In other words, these AI agents do have big potential. I can see Malaysian startups leveraging this technology brilliantly. For example, a local e-commerce business using AI agents to monitor competitor pricing or track trending products across Southeast Asian markets.
Image via Sukhbir Cheema / SAYS
However, the most unsettling part is privacy. Granting my AI agent permission to read, edit, and delete emails felt like handing over the keys to my digital life.
For Malaysians increasingly concerned about data privacy (especially post-PDPA), this raises serious red flags.
What happens when these agents access sensitive business communications or personal information?
In my case, I used a throw-away email to conduct my tests and experimentations. I suggest you do the same until you gain further clarity on the privacy bit.
Experimenting with my AI agent also got me thinking about its impact, specifically on misinformation and the environment
In Malaysia's diverse media landscape, where fake news spreads faster than durian season updates, AI agents could amplify misinformation risks.
Without proper fact-checking protocols, these tools might inadvertently spread false information across communities, particularly dangerous during politically sensitive periods.
There are also hidden costs involved on the environment. With Malaysia's growing focus on sustainable technology, the environmental cost of widespread AI adoption is concerning. Each AI query consumes significant energy — multiply that by millions of users, and we're looking at a substantial carbon footprint that could impact our climate goals.

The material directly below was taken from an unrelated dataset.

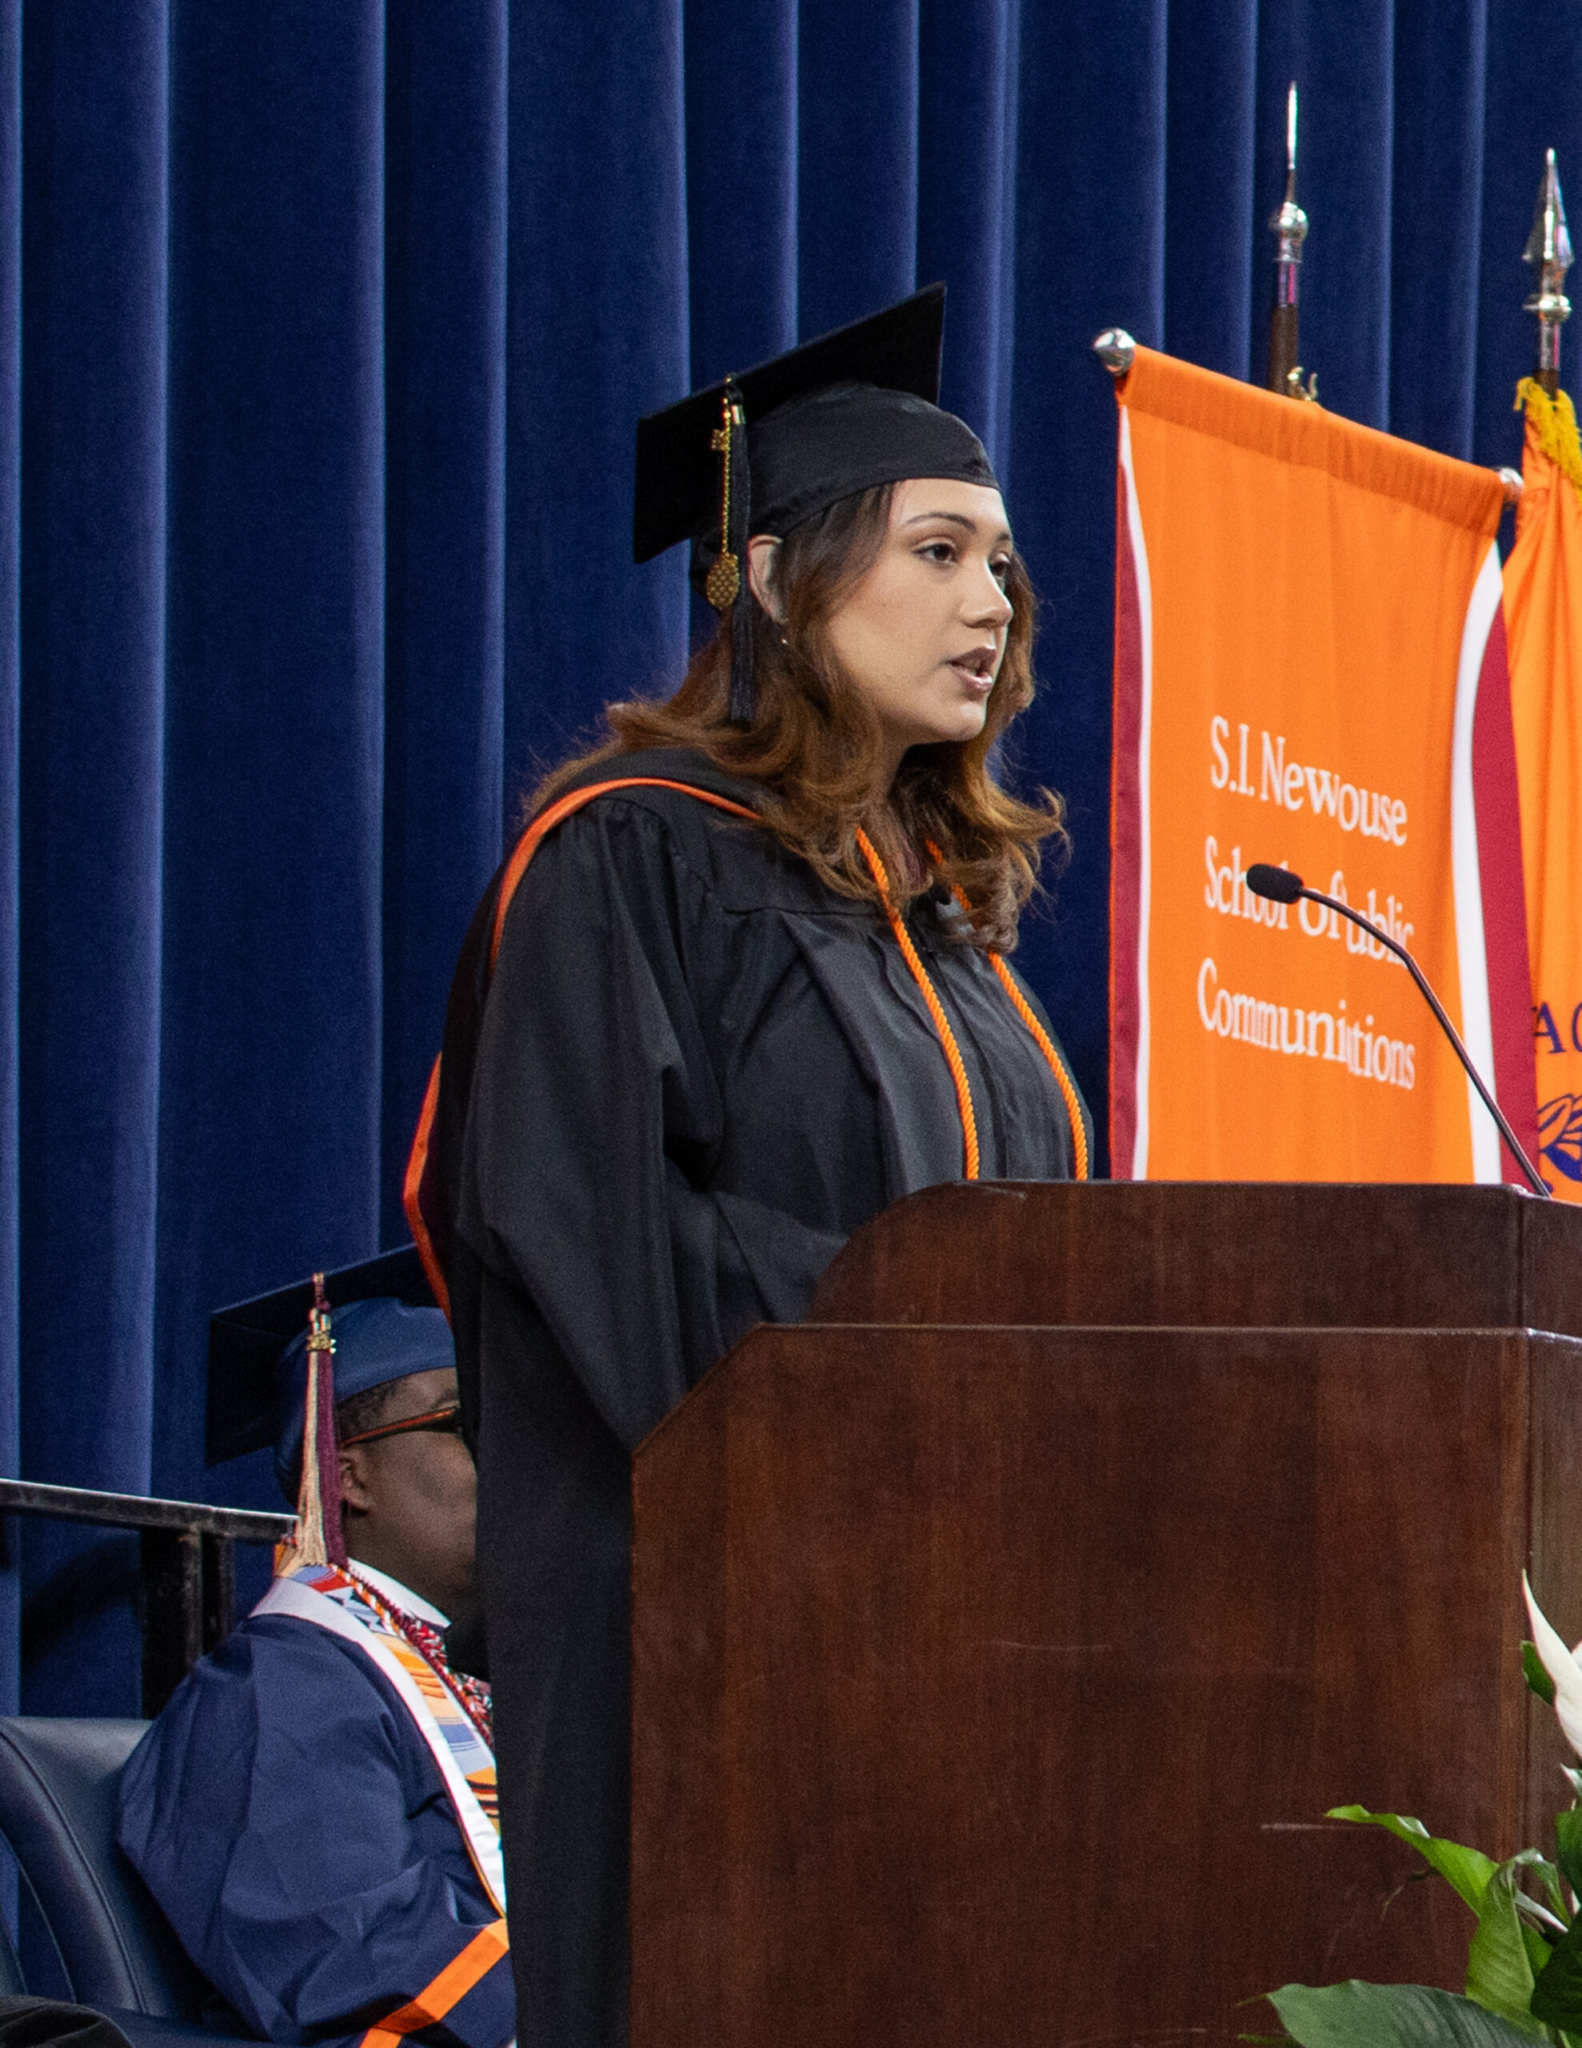 a person in a graduation cap and gown speaks at a podium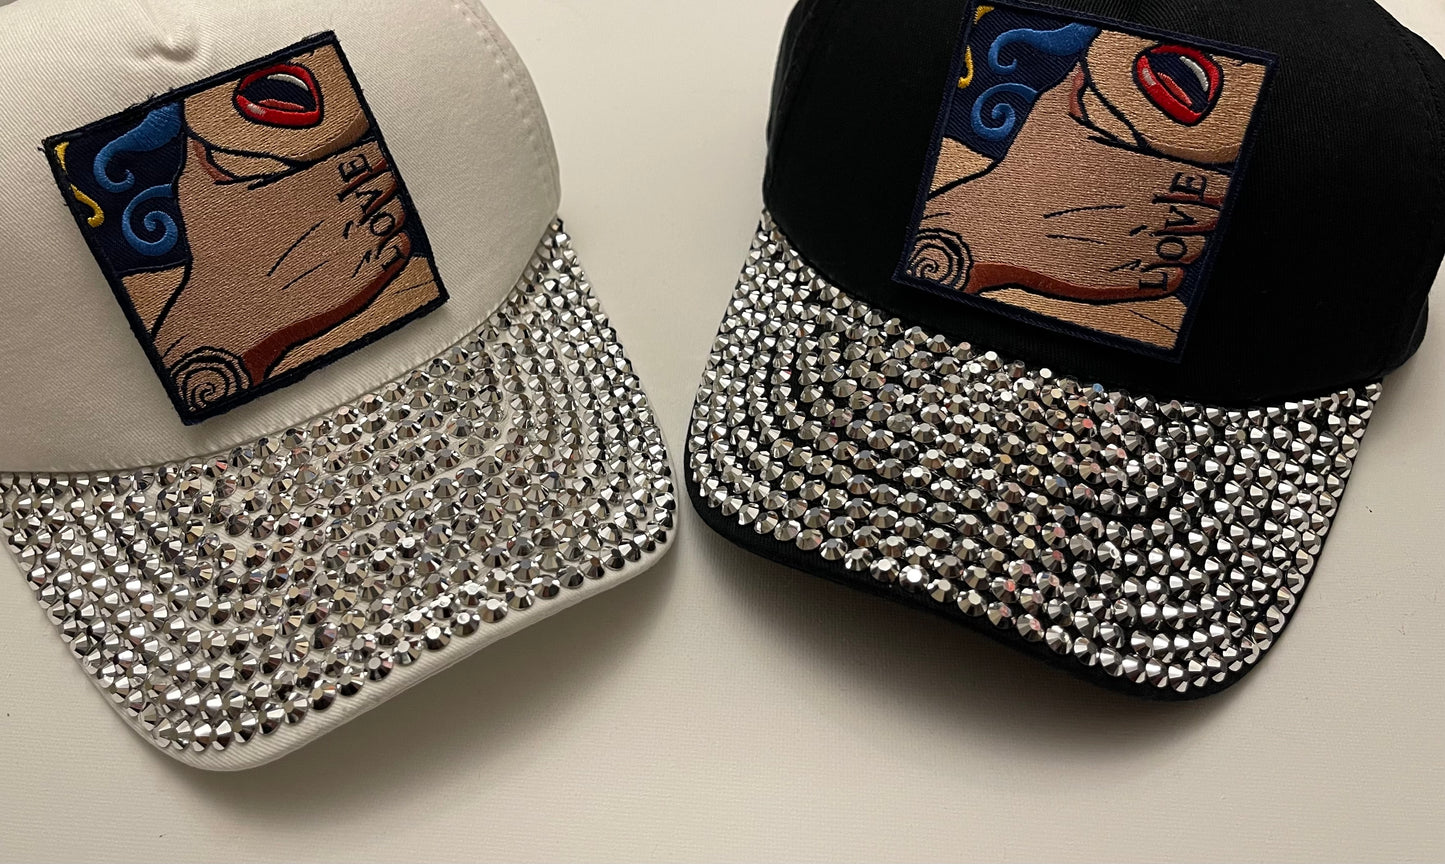 “Limited Edition” Custom-made Bedazzled LOVE Hats

But the biggest elephant in the room (and also the main reason I experimented with an AI agent) is this: Will AI replace us?
The good news is that AI won't replace us entirely, but jobs will definitely evolve.
Based on my experiment, AI still needs human oversight, fact-checking, and creative input. The winners will be those who learn to manage, maintain, and maximise AI tools.
For fresh graduates and mid-career professionals in Malaysia, this means upskilling in AI literacy is essential. You don't need to become a programmer overnight, but understanding how to work alongside AI will become as important as basic computer literacy was in the 2000s.
Image via Sukhbir Cheema / SAYS
Despite the challenges, I remain cautiously optimistic. AI agents will likely become as common as smartphone apps within the next decade (possibly even in the next couple of years).
The key is ensuring we develop them responsibly, with proper safeguards for privacy, accuracy, and environmental impact.
For Malaysian businesses and individuals, the question isn't whether to adopt AI agents, but how to do it safely and effectively. Start small, test thoroughly, and always maintain human oversight.
The future of work is about humans working smarter with AI, and that future is arriving faster than you might think.